Global mapping of binding sites for phic31 integrase in transgenic maden-darby bovine kidney cells using ChIP-seq
ΦC31 integrase, a site-specific recombinase, can efficiently target attB-bearing transgenes to endogenous pseudo attP sites within mammalian genomes. The sequence features of endogenous binding sites will help us to fully understand the site-specific recognition function by ΦC31 integrase. The present study was aimed to uncover the global map of ΦC31 integrase binding sites in bovine cells and analysis the features of these binding sites by comprehensive bioinformatics methods.

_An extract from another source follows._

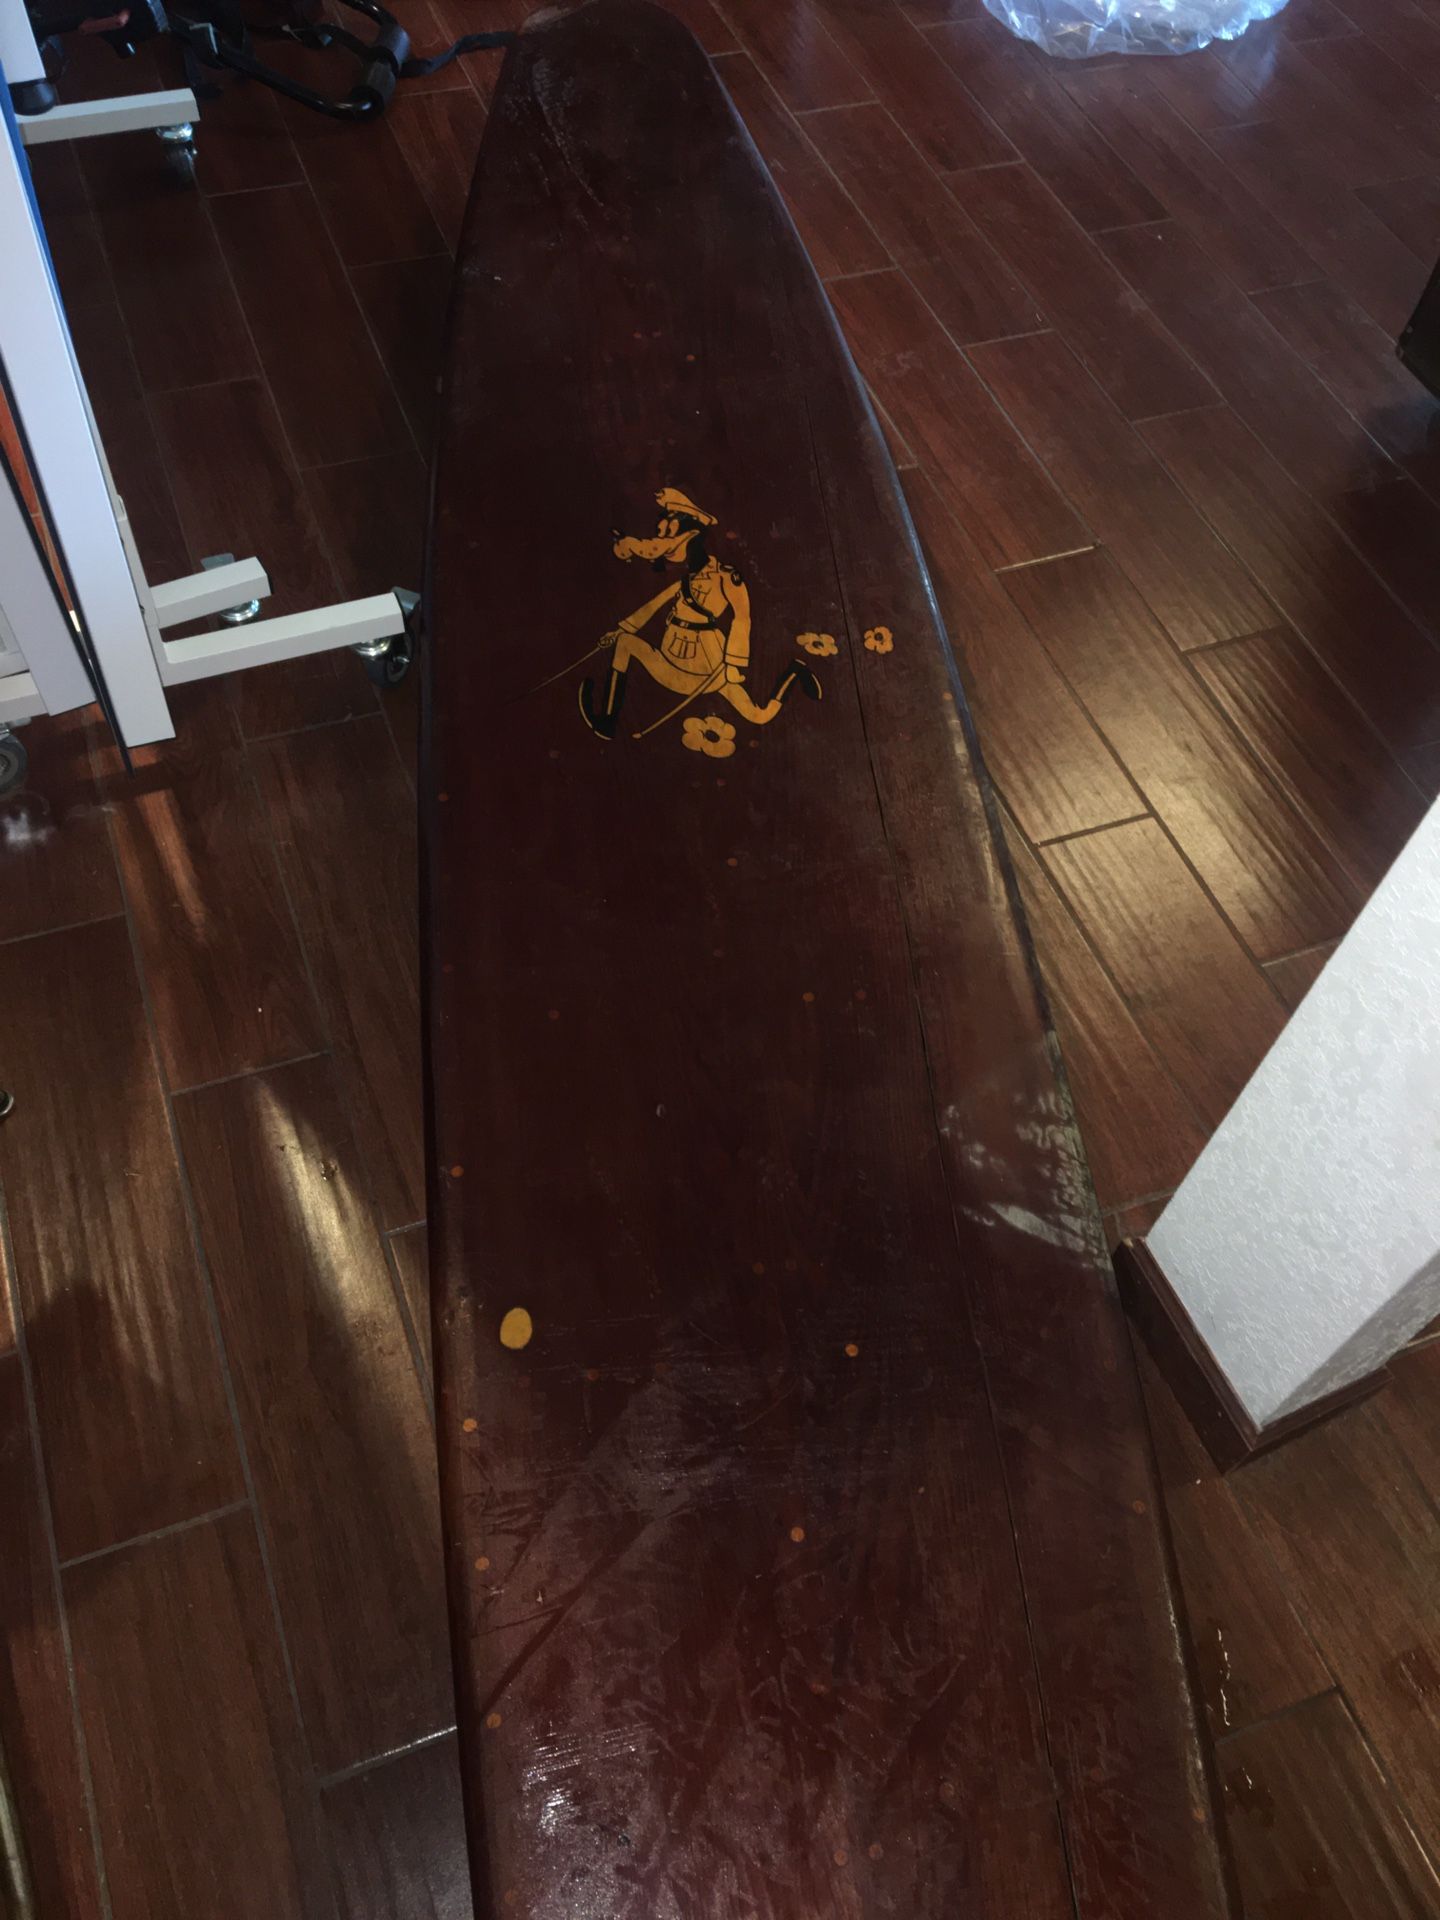 Vintage wooden surfboard/paddleboard

In this study, we constructed a ChIP-seq method that can be used to uncover the global binding sites by phiC31 integrase. 6740 potential ΦC31 integrase binding sites were identified. A sequence motif was found that contains inverted repeats and has similarities to wild-type attP site. Using REPEATMASKER, we identified a total of 20,183 repeat-regions distributed in 50 repeat types for the 6740 binding sites. These sites enriched in “regulation of GTPase activity” of in the GO category of biological process and KEGG pathway of signal transmembrane transporter activity.
This study is the first time to uncover the global map of binding sites for ΦC31 integrase using ChIP-sequencing method and analysis the features of these binding sites. This method will help us to fully understand the mechanism of the site-specific integration function by phiC31 integrase and will potentially boost its genetic manipulations in both gene therapy and generation of transgenic animals.
KeywordsΦC31 integrase Binding sites ChIP-seq Sequence motif
Chromatin immunoprecipitation-DNA sequencing
Kyoto Encyclopedia of Genes and Genomes
Maden-darby bovine kidney
Multiple Em for Motif Elicitation
The Streptomyces phage ΦC31 integrase is a site-specific recombinase that catalyzes recombination between two short DNA sequences, a bacterial attachment site (attB) and a phage attachment site (attP) . As prokaryotic attachment sites, attP and attB are unlikely to occur in the genomes of mammals and most plants, but pseudo attP sites are present in the eukaryotic genome [2, 3, 4, 5], ΦC31 integrase can efficiently target attB-bearing transgenes to endogenous pseudo attP sites within mammalian genomes [6, 7]. Because ΦC31 integrase-mediated recombination is stable, irreversible and does not require external chemical energy and cofactors, ΦC31 integrase has become a powerful tool for both gene therapy animals [8, 9, 10, 11, 12, 13] and generation of transgenic animals [14, 15, 16]. However, with the use of ΦC31 integrase system in genetic manipulations, an increasing number of problems is being encountered. On one hand, the presence of a large number of pseudo attP sites in the genome increases the risk of chromosomal rearrangements and DNA damage . On the other hand, due to the high activity of the integrase system in the genome, the specificity does not appear to be as high as expected. Therefore, it is necessary to further study the mechanism of ΦC31 integrase system in mammalian cells, in order to further optimize the system, improve its integration specificity and reduce the non-specific recombination.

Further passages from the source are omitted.